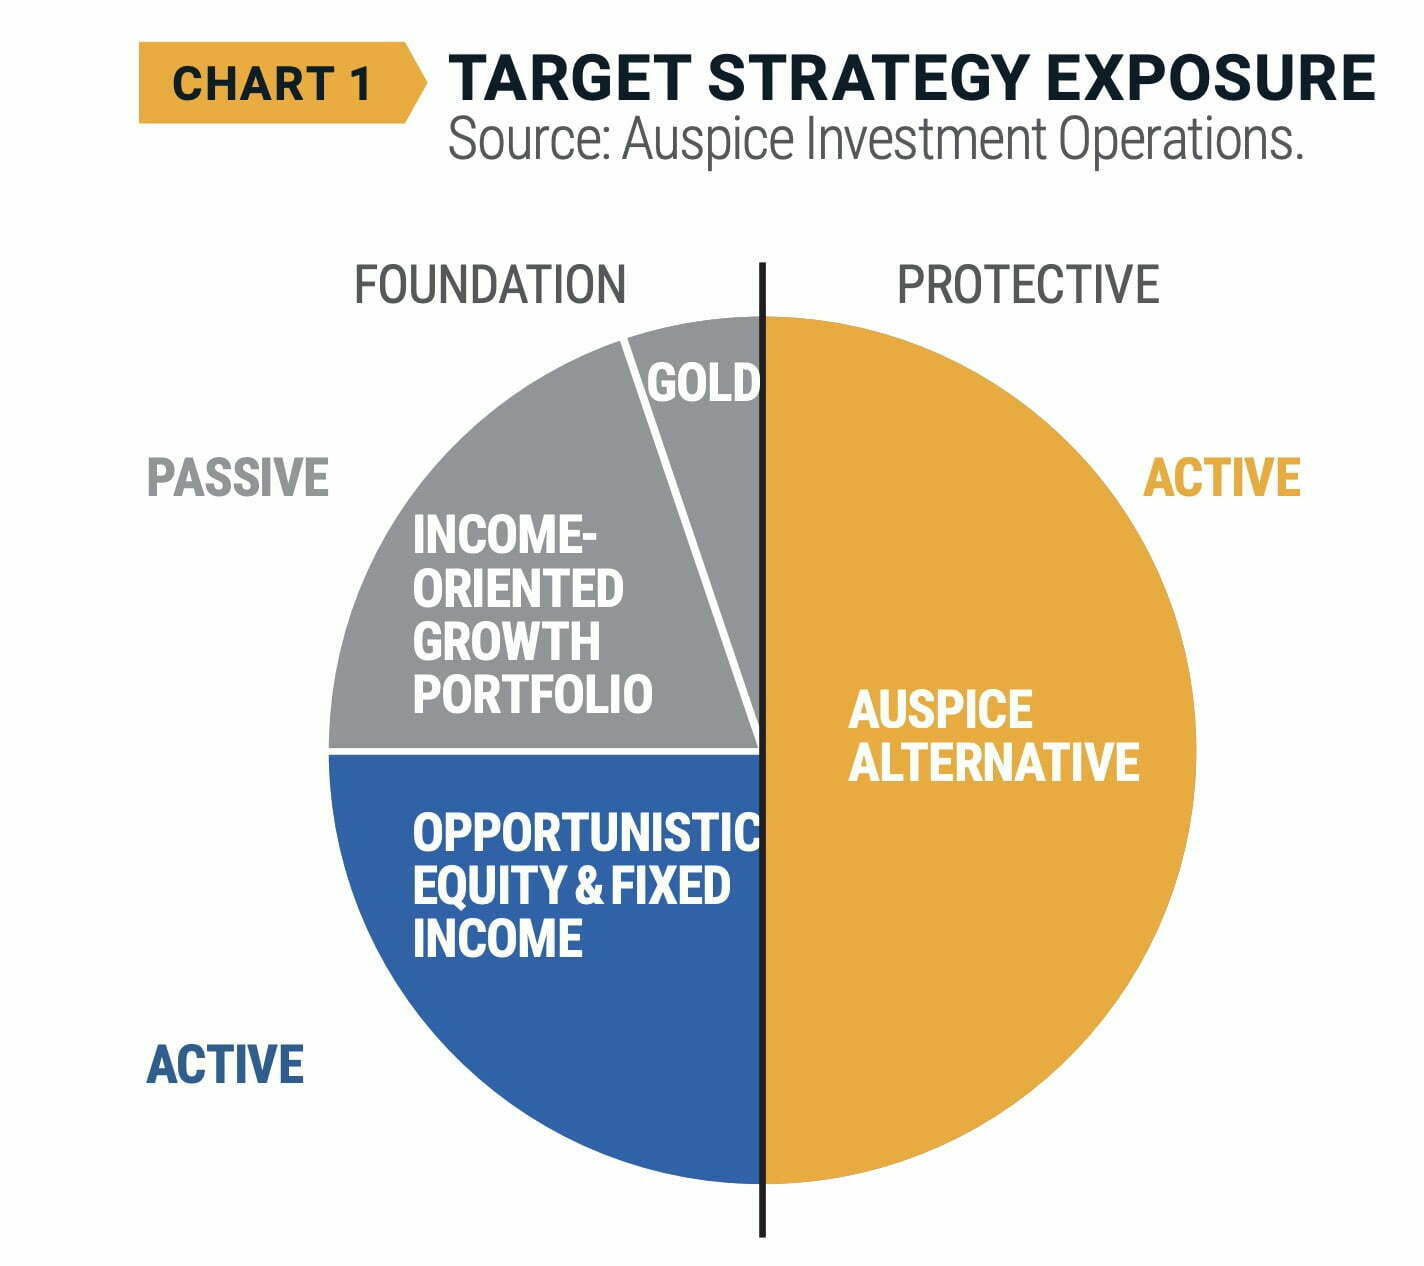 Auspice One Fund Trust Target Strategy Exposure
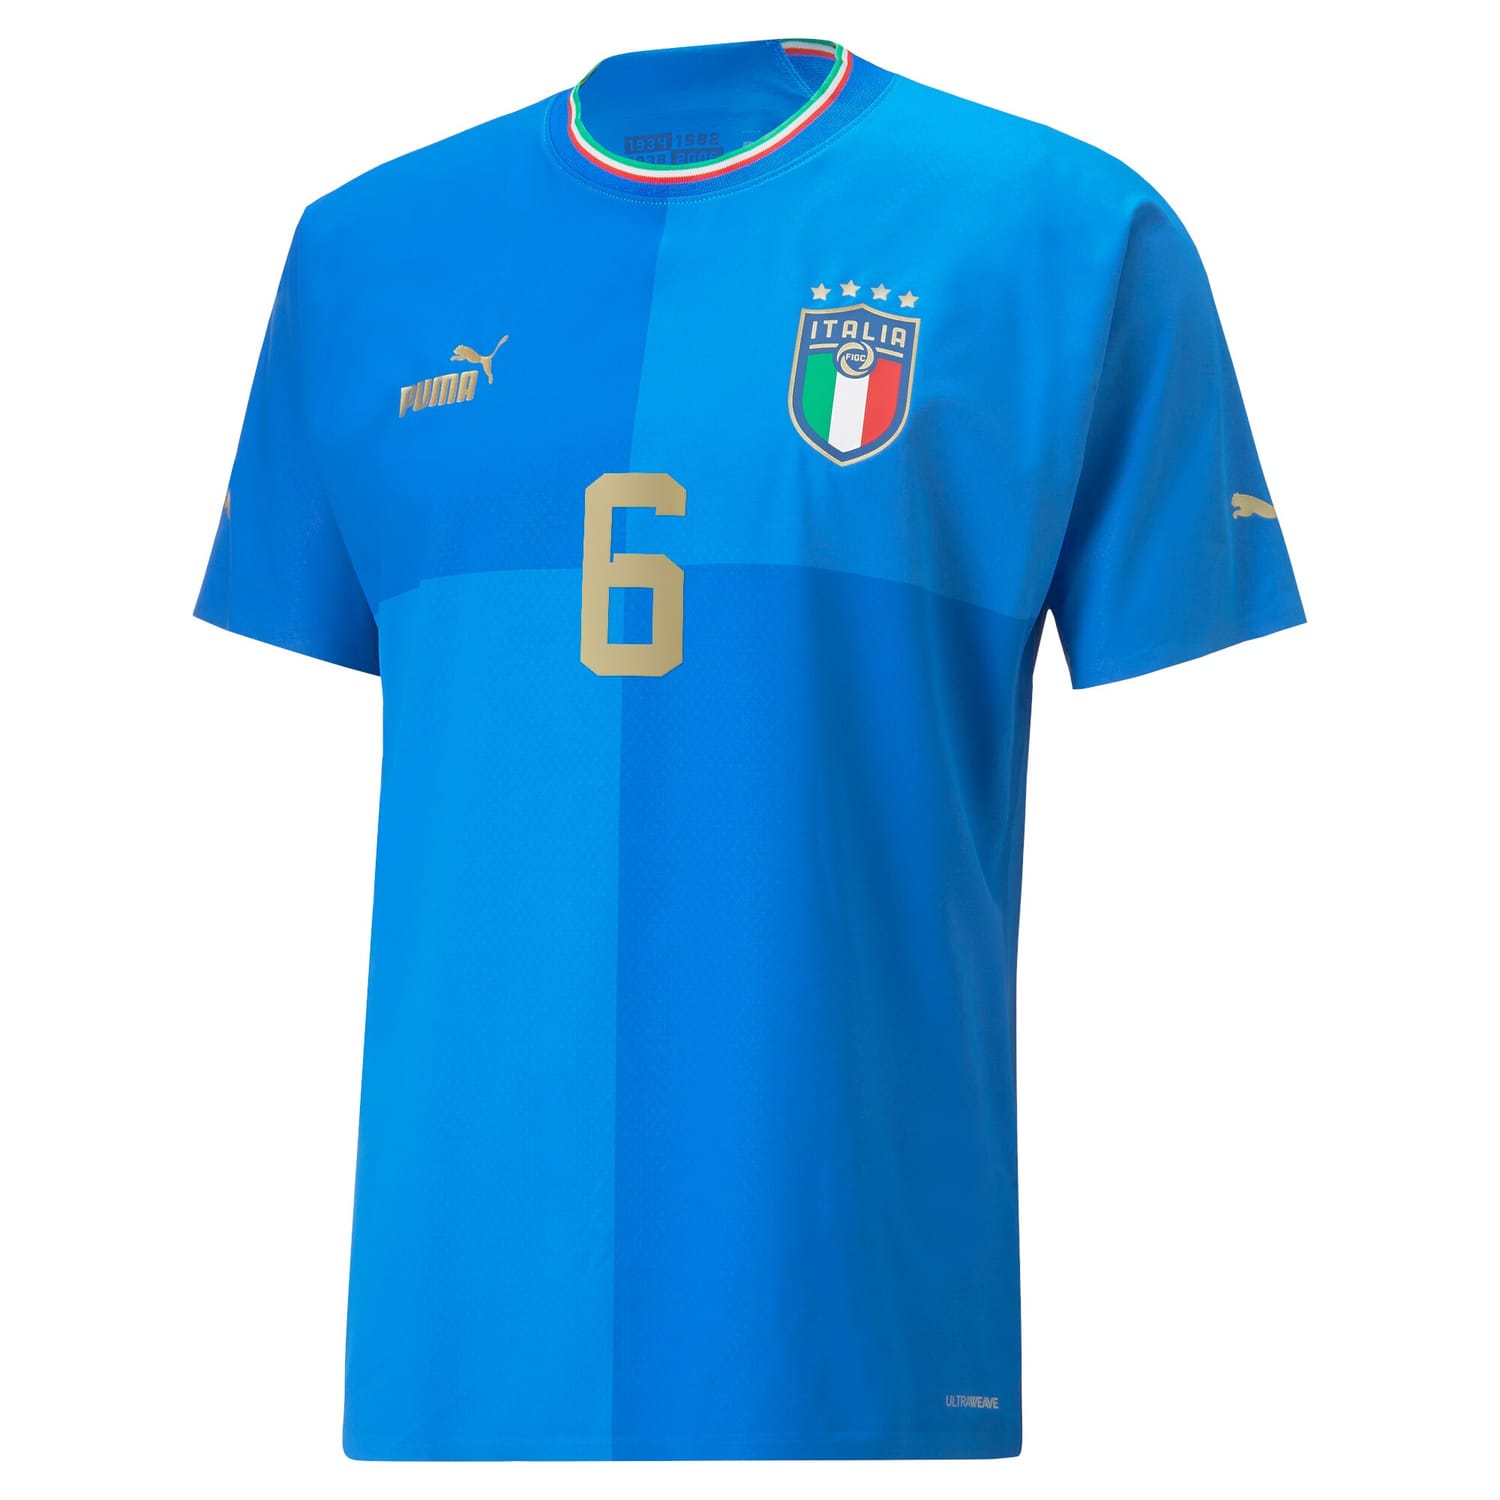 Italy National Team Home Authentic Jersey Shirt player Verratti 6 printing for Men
--
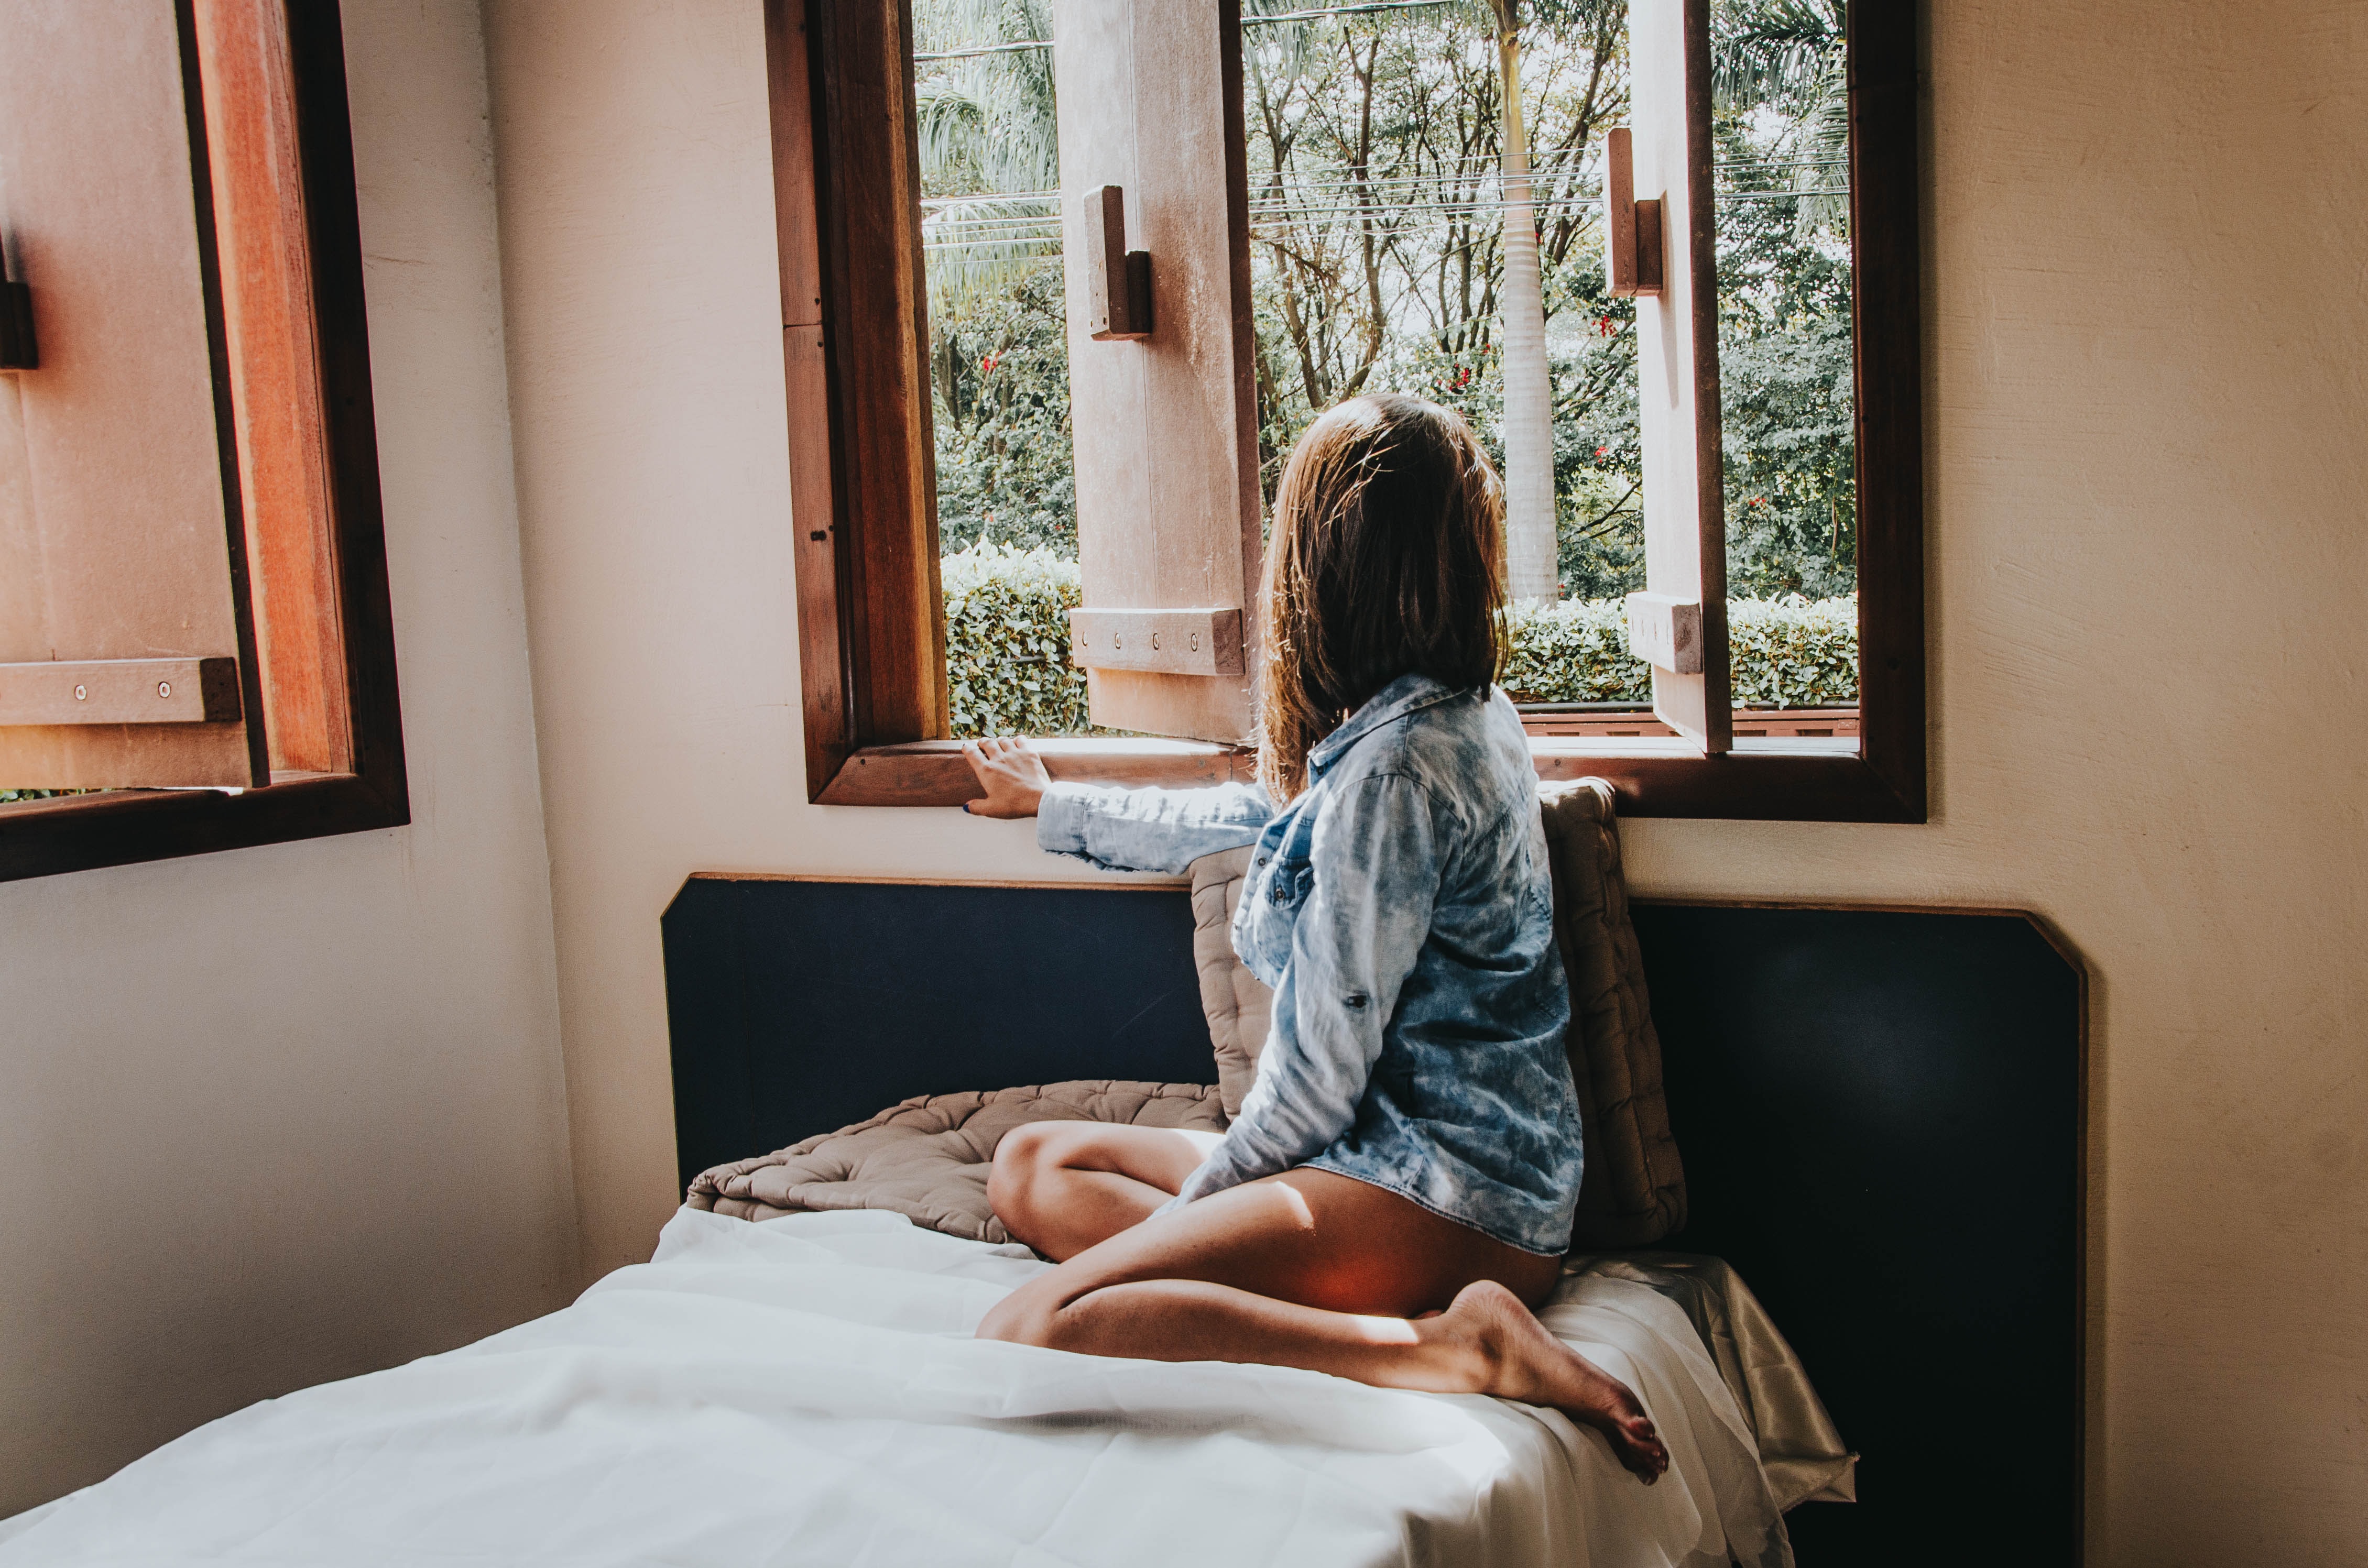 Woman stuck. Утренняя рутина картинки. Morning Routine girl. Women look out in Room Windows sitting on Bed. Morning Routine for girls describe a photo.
* * *
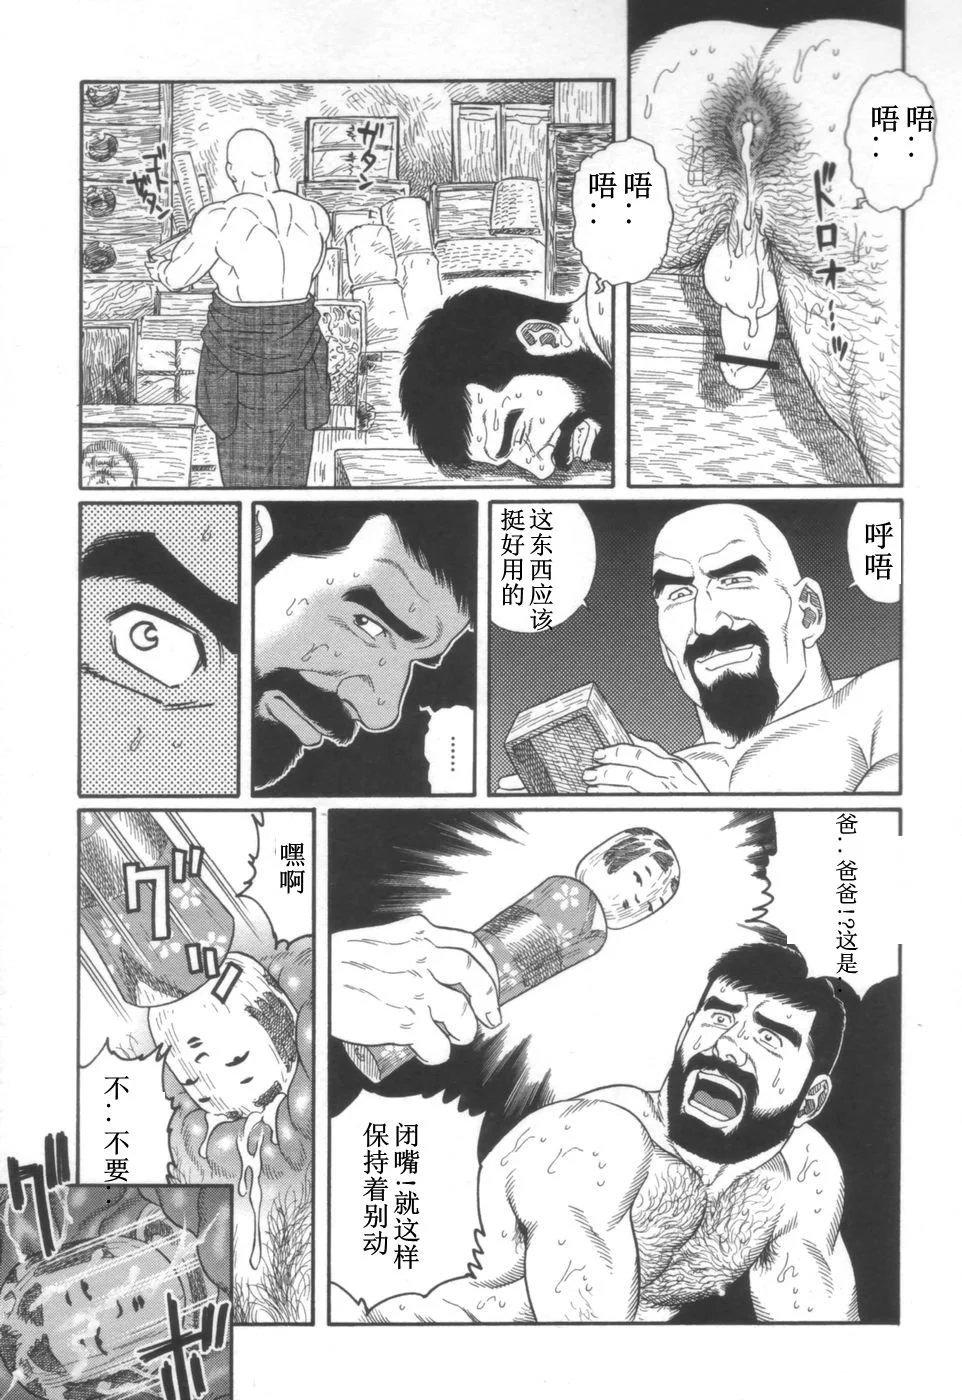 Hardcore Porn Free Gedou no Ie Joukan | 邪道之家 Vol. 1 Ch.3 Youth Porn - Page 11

* _Exercise_
With the pictures omitted, restate word for word the lines above from the line that has "Auspice One Fund" up to and including the line that has "Italy National Team", and no other lines.

* _The answer_
 Auspice One Fund Trust Target Strategy Exposure
 Italy National Team Home Authentic Jersey Shirt player Verratti 6 printing for Men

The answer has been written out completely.